Hyundai's sudden rise is just one more sign of how quickly the auto landscape is changing. The former Big Three automakers - GM, Ford, and Chrysler - ruled North America with an iron fist for decades. But their dominion has virtually evaporated overnight, leaving a host of hungry new players messily clambering for a piece of a global market that's suddenly been thrown wide open. For the first time in decades, no one really knows who the new giants of the auto industry will be, let alone what kind of technology will be under the hoods of the cars they make. The contenders are many, from Fiat, which just took a controlling stake in Chrysler, to India's Tata Motors, which recently rolled out the world's cheapest car - to any number of German automakers, like Mercedes, that have been gobbling up market share. Then there are the fast-growing Chinese car companies, like Geely and BYD. Instead of the Big Three, now we have "seven or eight players, none of which dominate, and all of which are competitors and very motivated," says Tom Libby, a Detroit-based independent auto analyst. "It's very different than it was 20 years ago."
Keeping track of all these new players almost requires a flow chart. While GM has been desperately downsizing to stay alive, other much smaller and once unheard-of manufacturers have been anxiously snatching up its cast-offs. Hummer was bought by a Chinese company that makes tow trucks. Saab was bought by Koenigsegg, a tiny Swedish company that makes a handful of high-end supercars each year. Both are companies that previously lacked the scale to become mass-market carmakers, yet they're suddenly players in the much sought-after North American consumer market. Hummer's new owner has already said that it will set its sights on selling Americans what some are calling an oxymoron: a new, fuel-efficient Hummer. "I think that in the long term they will play a significant role in the market, just because of the amount of resources they have and the motivation they have," says Libby.
Such upstart companies will be up against some massive - but vulnerable - industry heavyweights. Toyota has lost more than $4 billion over the past year, but still holds the number one spot in the world, with close to nine million vehicles sold globally. GM is still hanging on to the number two slot, with sales of 8.4 million vehicles last year, but it's sure to fall, especially after selling off its European arm, Opel. (One of the leading bidders for that company is Canada's Magna International.) Volkswagen is now the number three carmaker, selling five million vehicles a year, while Ford has actually upped its market share in the U.S., and now ranks at number four, just ahead of Hyundai. Other smaller companies, meanwhile, have been consolidating in an effort to crack into the upper echelons of the auto world. Along with Hyundai and its fast growing Kia brand, Fiat's move to take over Chrysler has launched it up the rankings, to number six.
With the sudden surge in competition, it's anyone's guess which companies will eventually end up on top.
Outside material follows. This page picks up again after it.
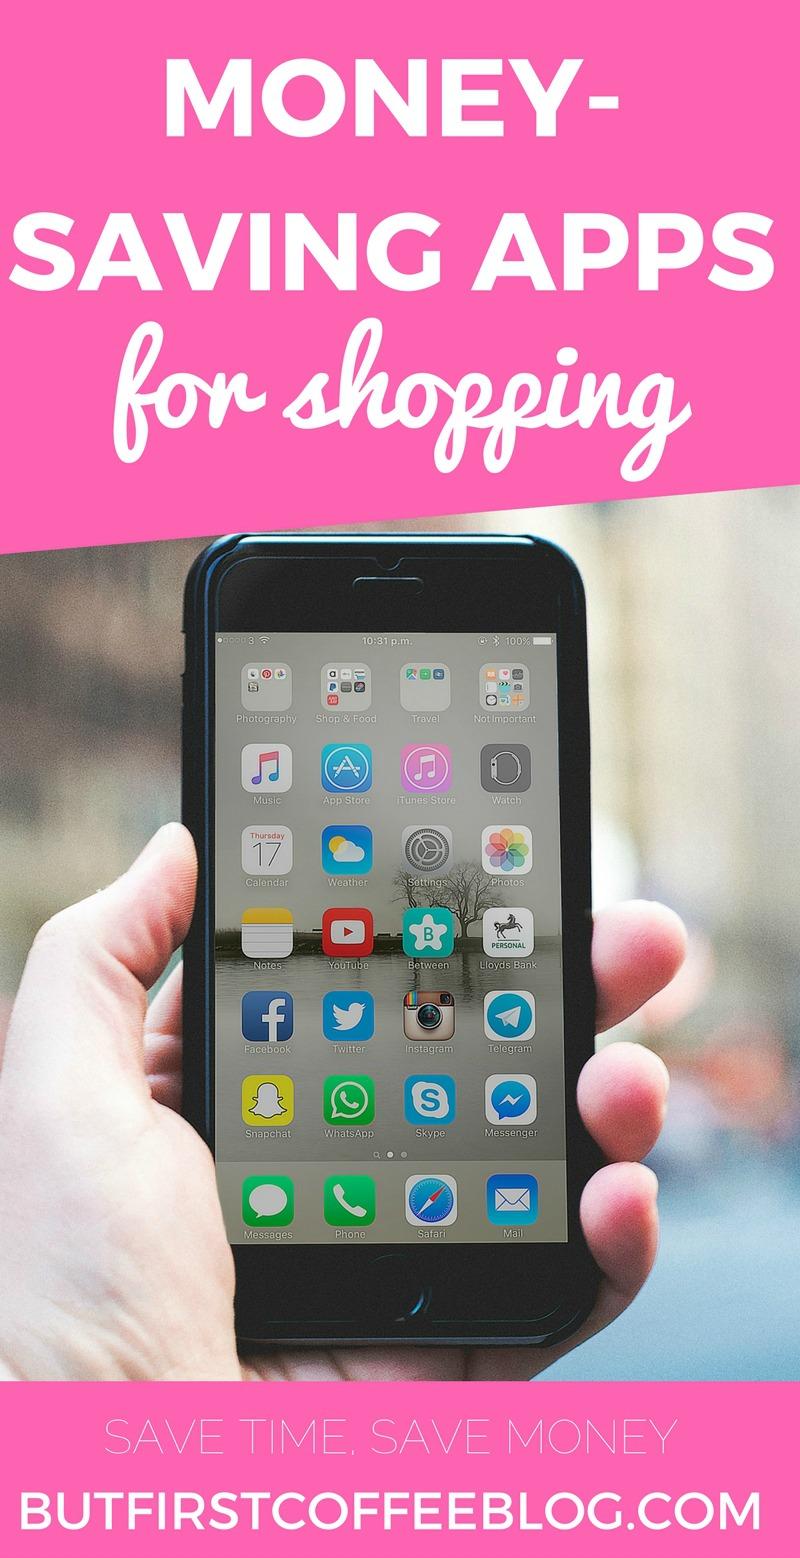 Money Saving Apps for Shopping   Money Shopping Hacks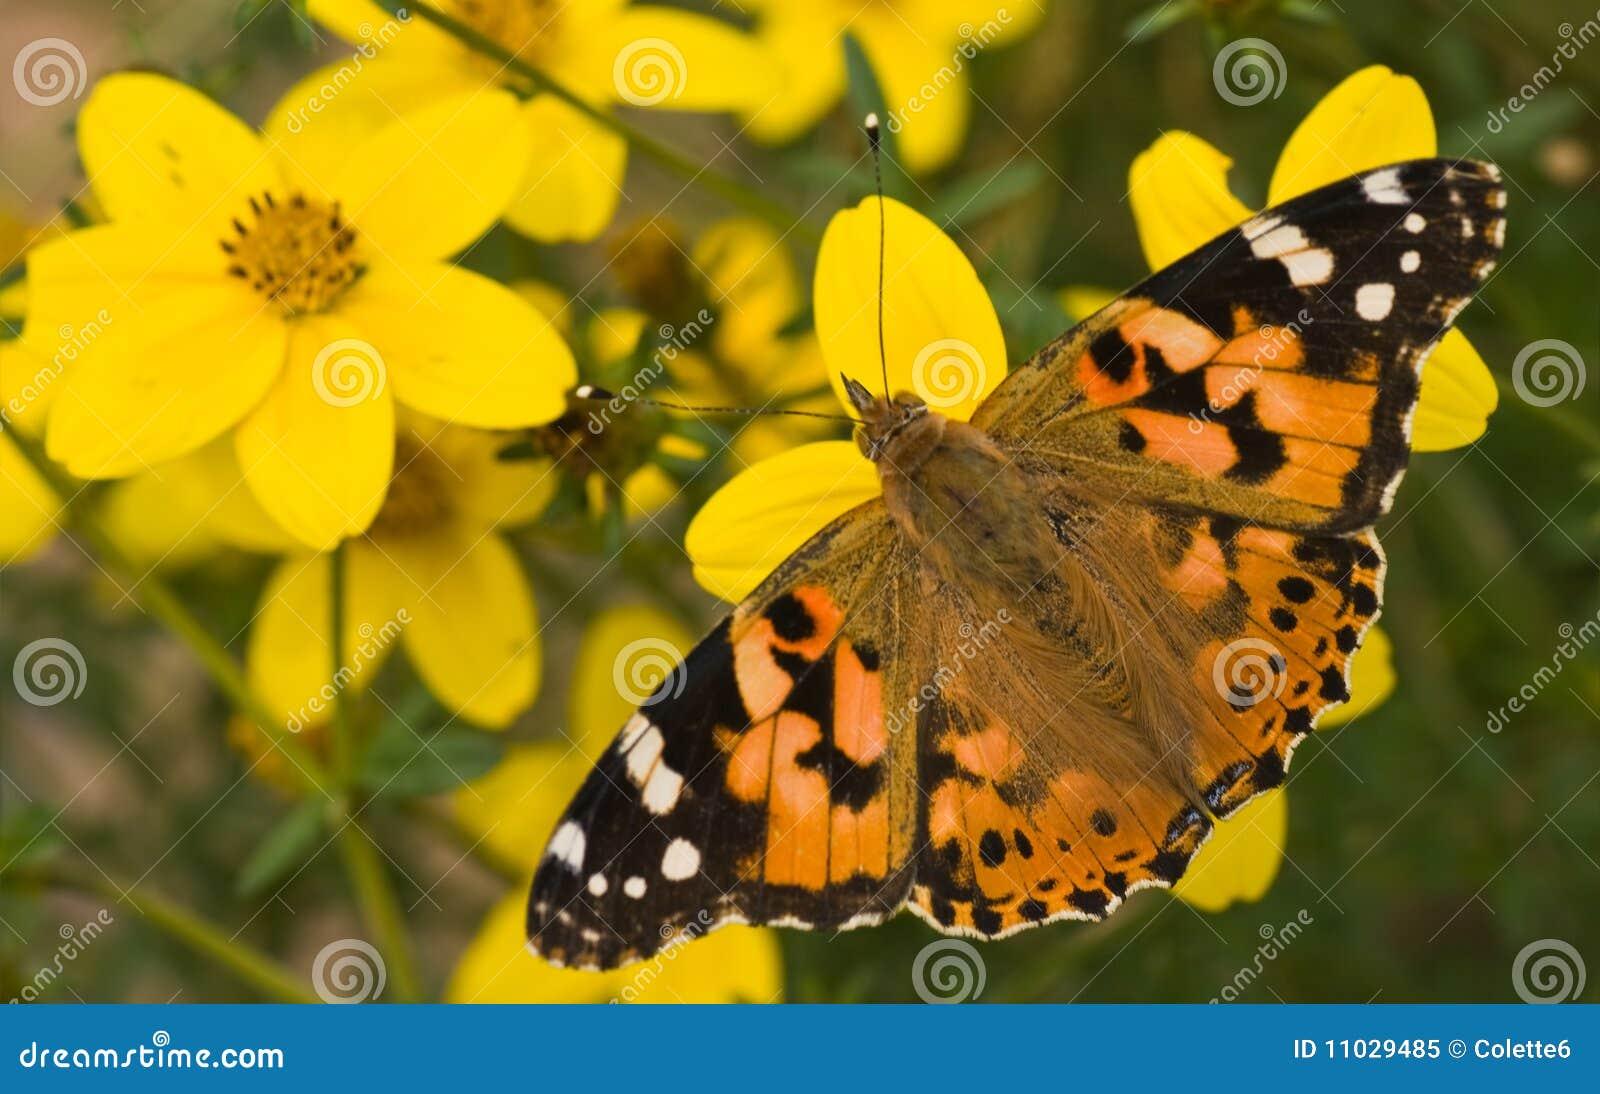 gemalte dame auf gelben blumen am sommer stockbild bild von sonne basisrecheneinheiten 11029485. Black Bedroom Furniture Sets. Home Design Ideas

It's not even clear what kind of technology will be driving cars in 20 years. Everyone understands the post-gasoline engine is where the action is, but nobody knows how it will play out, says James Rubenstein, an auto analyst at Miami University in Ohio. "It's like picking up all the pieces on the board and throwing them up the air and seeing where they land," he says. So while they fight for market share, carmakers are also keeping a close eye on the rear-view mirror, and the dozens of new electric car manufacturers creeping up behind them.
A few years ago, Tesla, for instance, was a novelty act, selling a niche electric roadster that costs more than $100,000 - hardly a threat to a top-10 automaker. But now it has plans to start selling a $40,000 sedan and has been opening dealerships and expanding its distribution network. Tesla was recently loaned US$465 million by the U.S. government to build its new sedan, and company owner Elon Musk said that Tesla will "cross over into profitability" this month.
Government money, like the loan that helped Tesla, is helping to muddy the game even more, by providing big bucks to high-tech start-ups and accelerating their growth. Not only are they providing research and development funding, governments are also providing incentives to lure consumers to the new technologies. The government of Ontario, for instance, upped the ante last week, with a plan to offer as much as $10,000 in incentives to buyers of electric cars by 2010 - one of the largest electric auto incentives seen yet. "In bad times, innovators will survive and come out stronger than ever," Rubenstein says.
The one thing that everyone agrees on is that the biggest winners from all this innovation will be consumers. Buyers are now being courted by a batch of desperate, hungry car-makers, who will have to put increasingly better cars on the road to win market share. Their offerings will be more energy efficient, less expensive to buy and operate - and perhaps most importantly, better looking. Libby says we can expect a renaissance in car design, and an end to the days of so many plain, mid-sized sedans clogging the roads. "Twenty years ago the consumer was at the mercy of an oligopoly," says Libby. Today "each company is scrambling to provide something over and above the competition."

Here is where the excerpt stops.